Assignment: Line by line, transcribe the data below exactly and pass over the images.

-- Data extract follows --

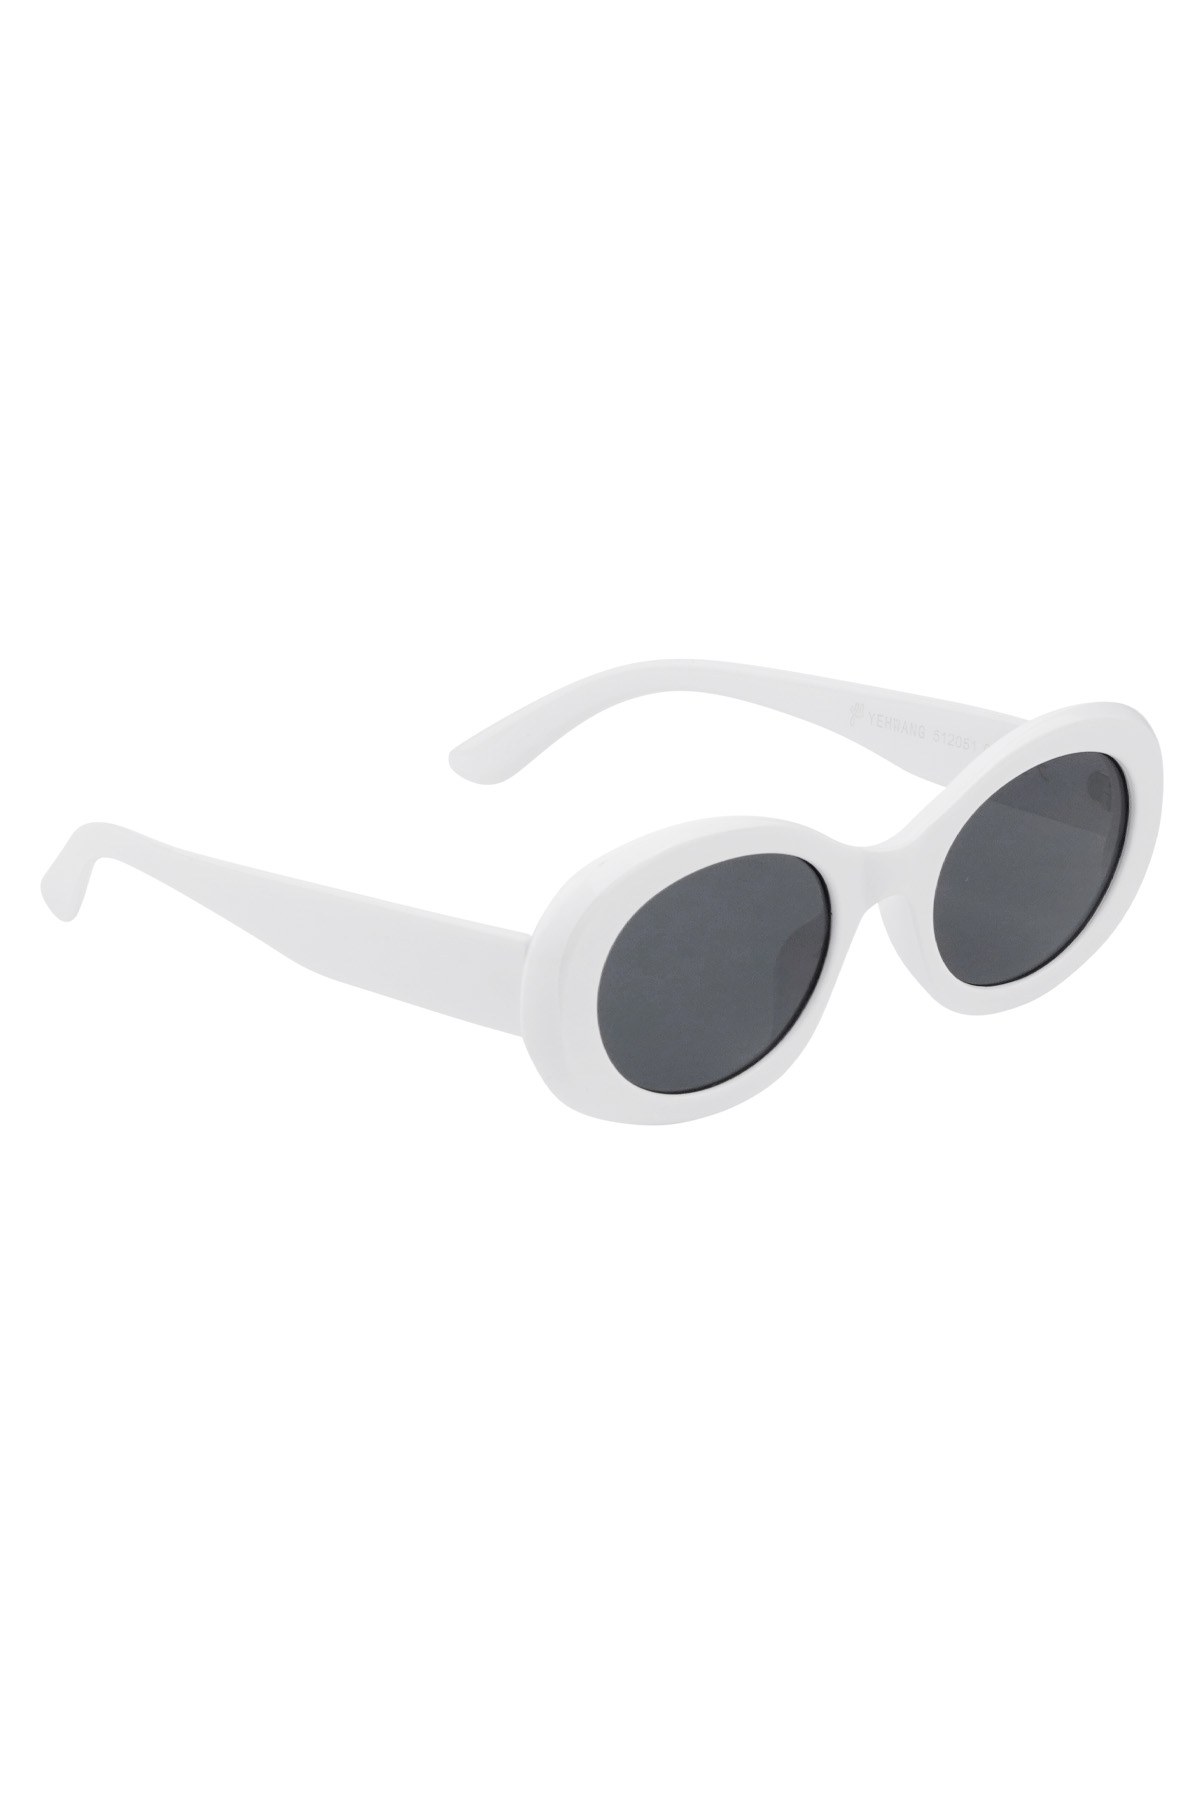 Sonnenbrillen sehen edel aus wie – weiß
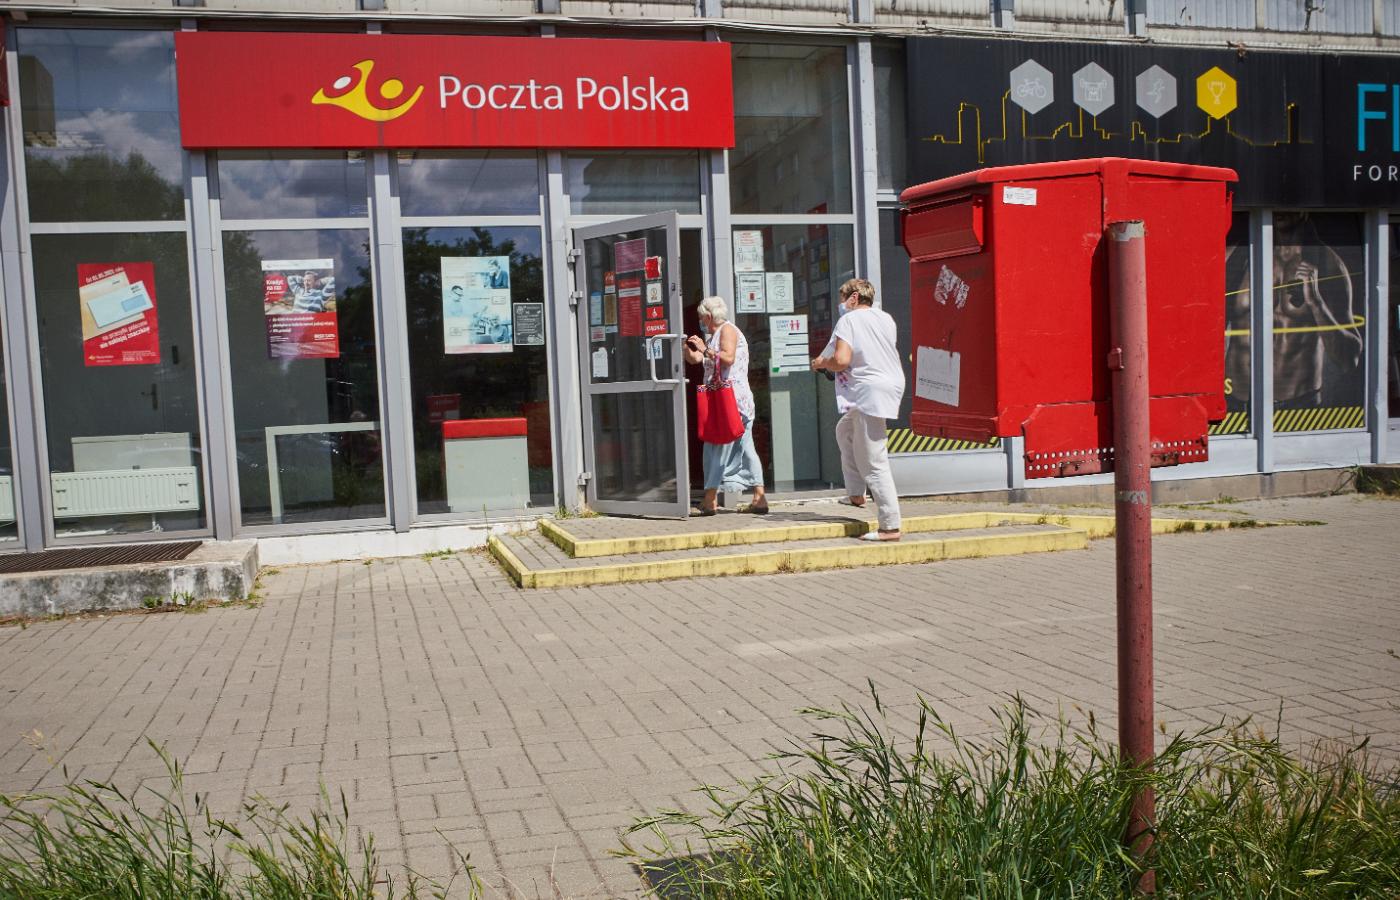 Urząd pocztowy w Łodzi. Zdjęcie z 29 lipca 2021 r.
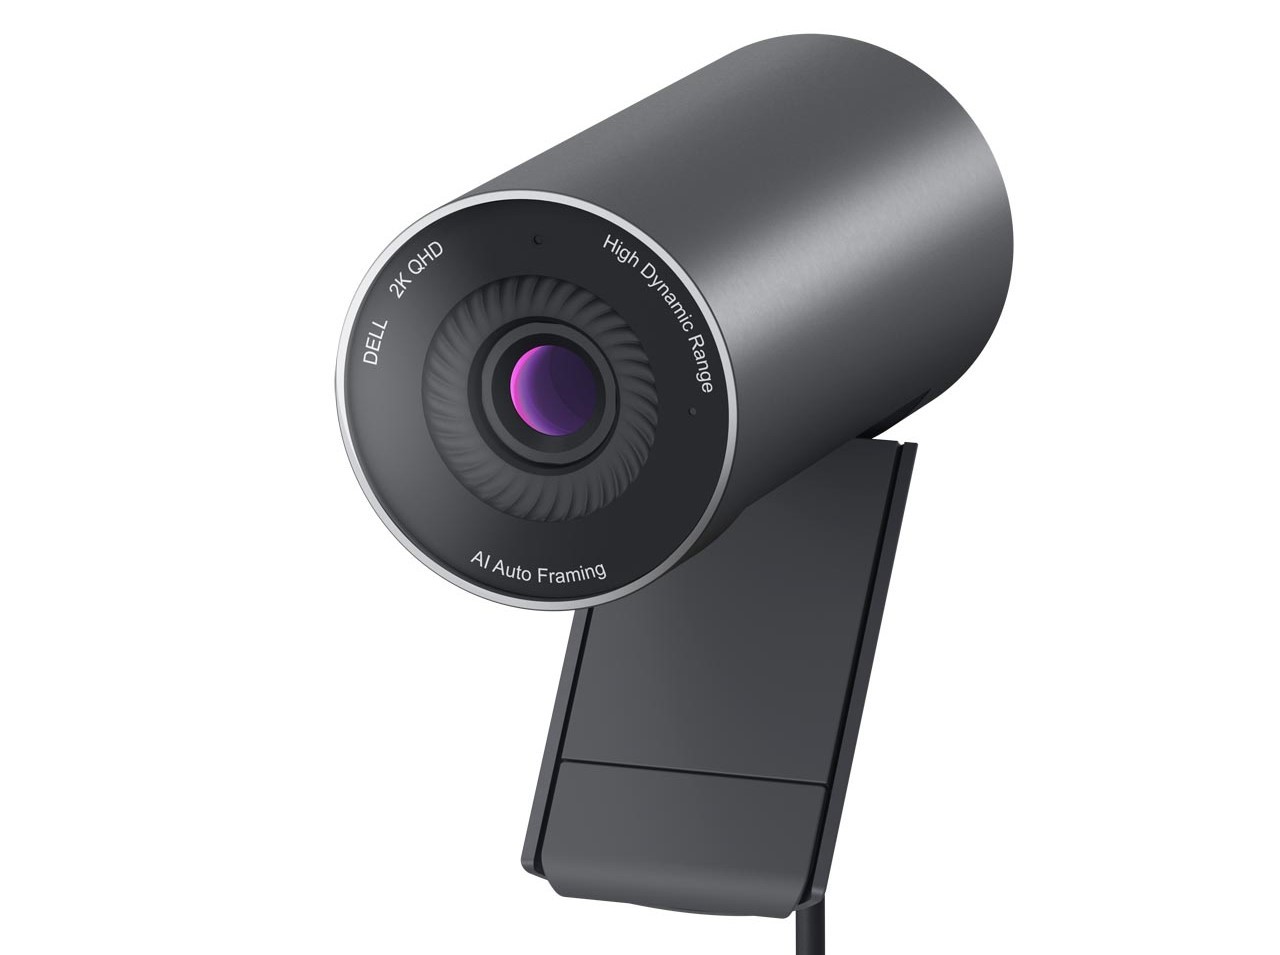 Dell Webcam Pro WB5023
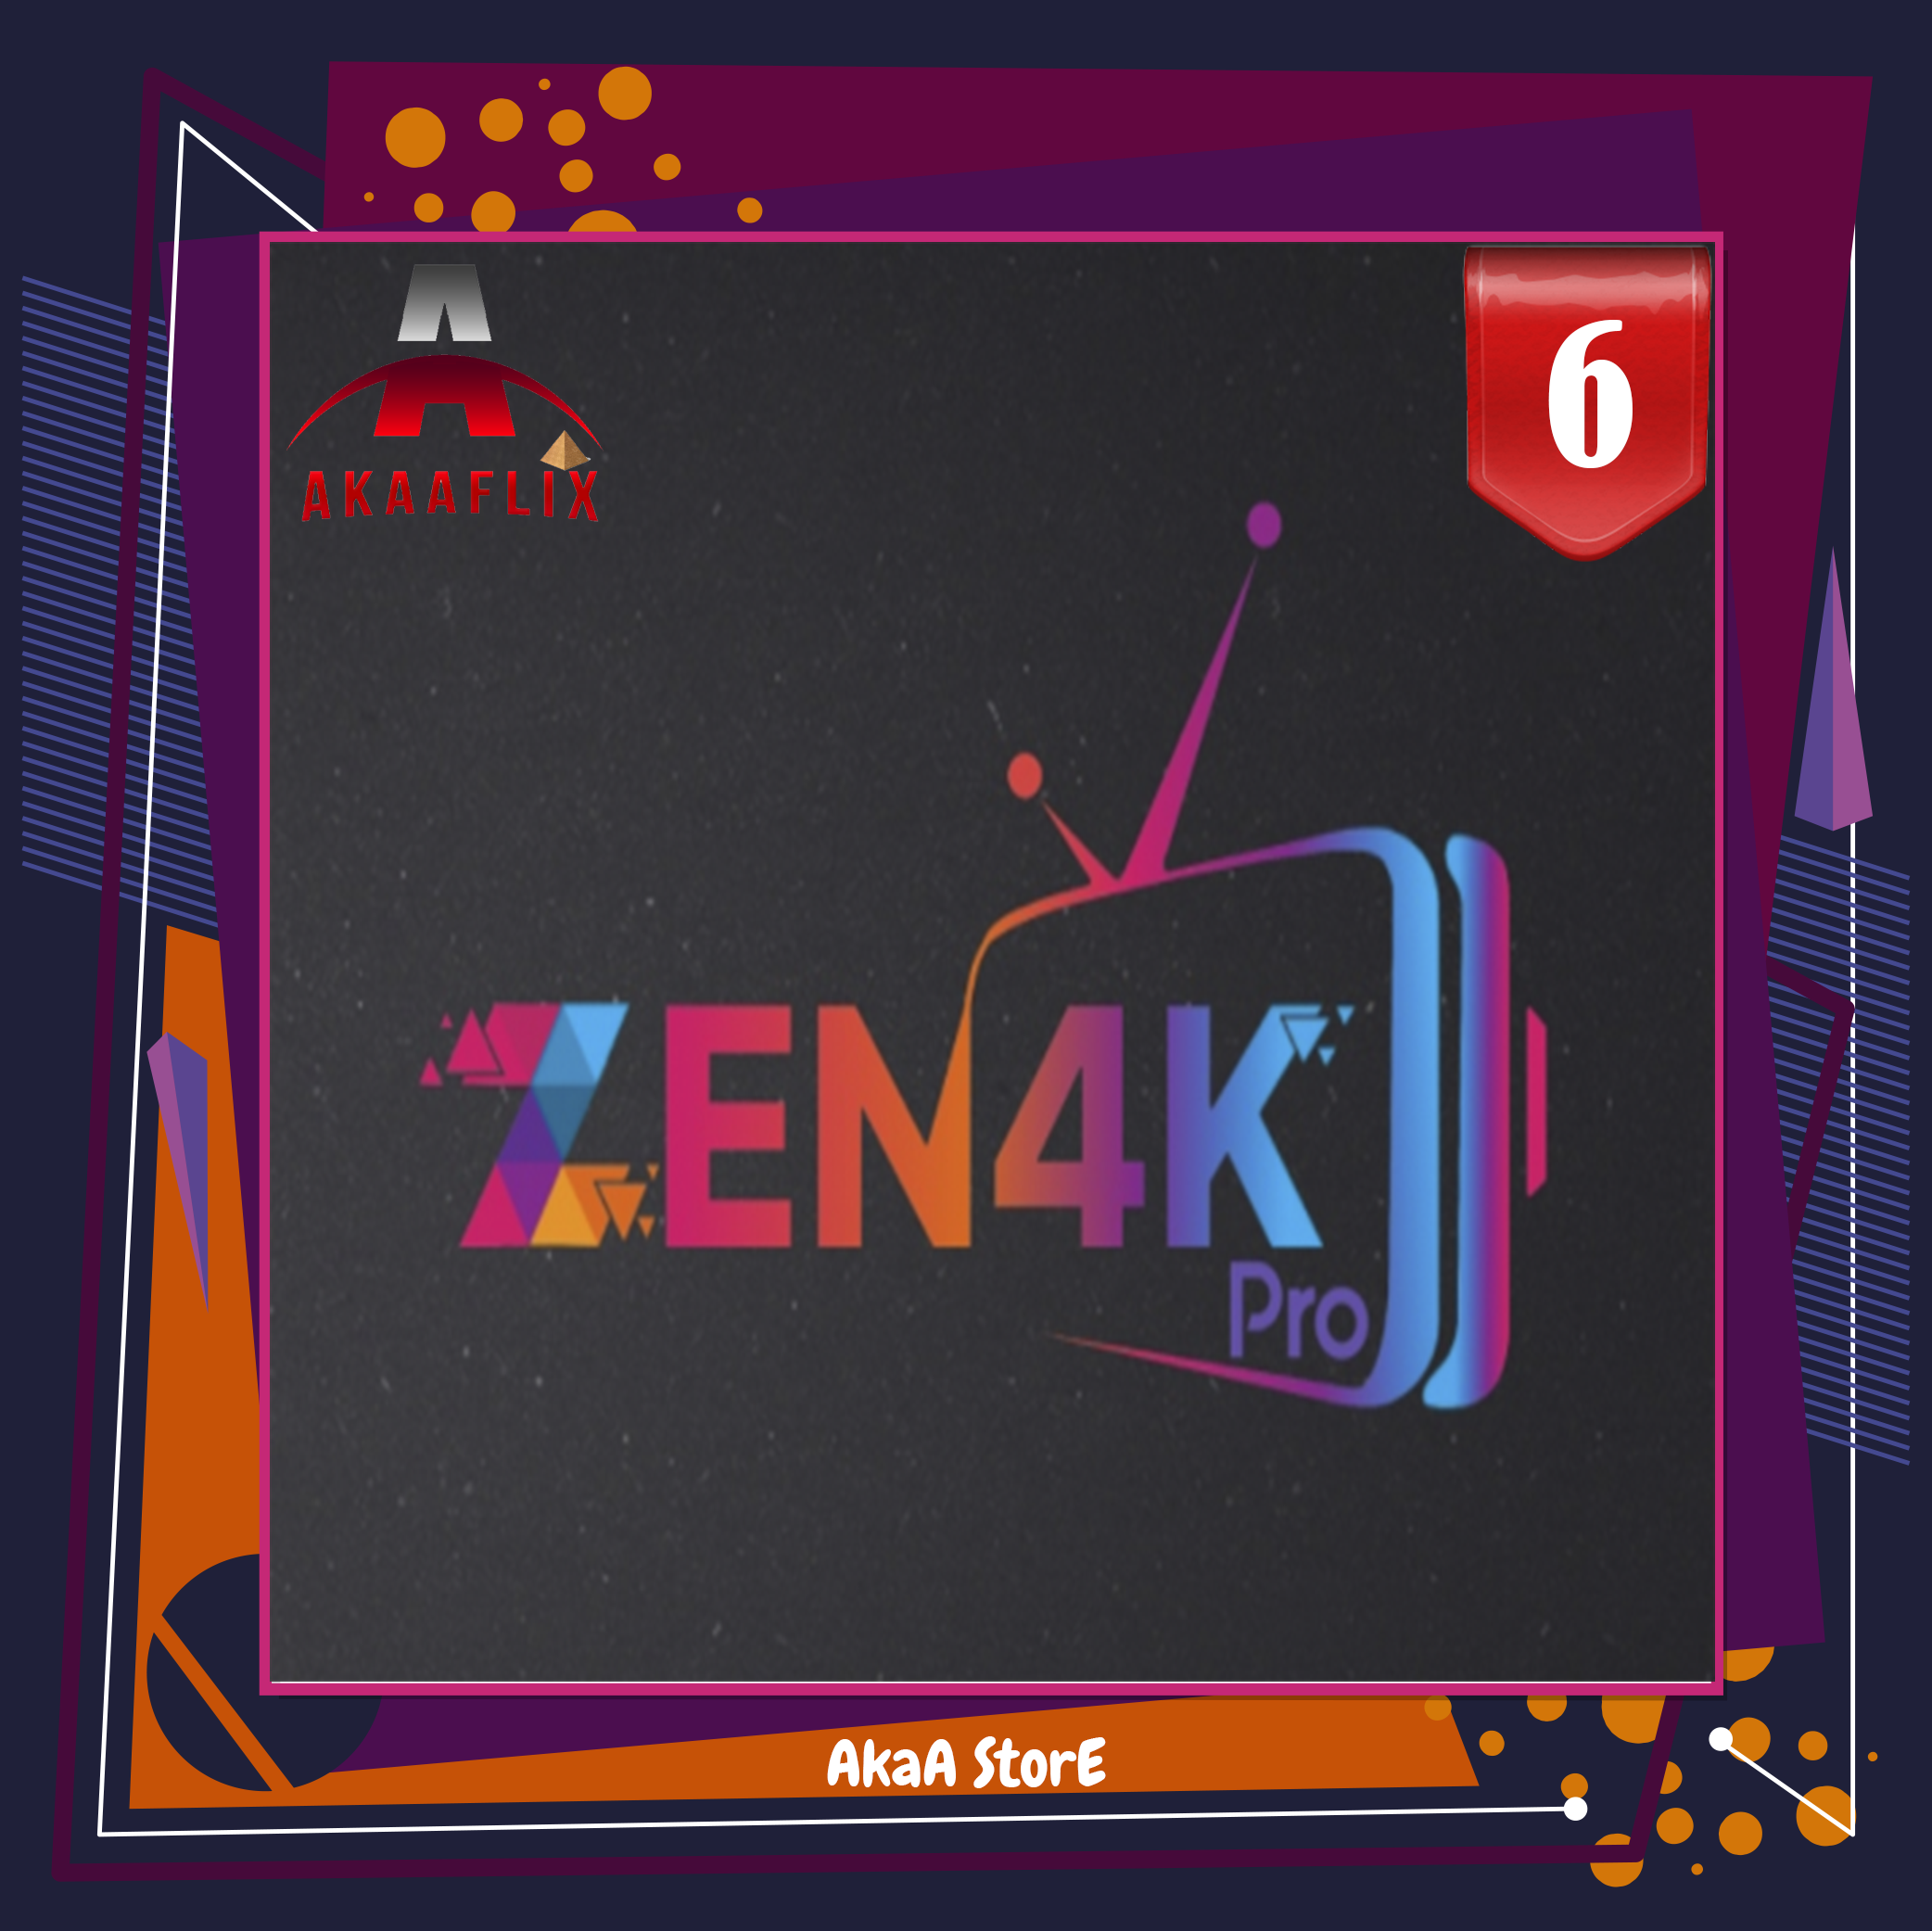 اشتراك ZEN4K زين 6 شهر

-- Data extract concluded --

Task response:
 Sonnenbrillen sehen edel aus wie – weiß
 Urząd pocztowy w Łodzi. Zdjęcie z 29 lipca 2021 r.
 Dell Webcam Pro WB5023
 اشتراك ZEN4K زين 6 شهر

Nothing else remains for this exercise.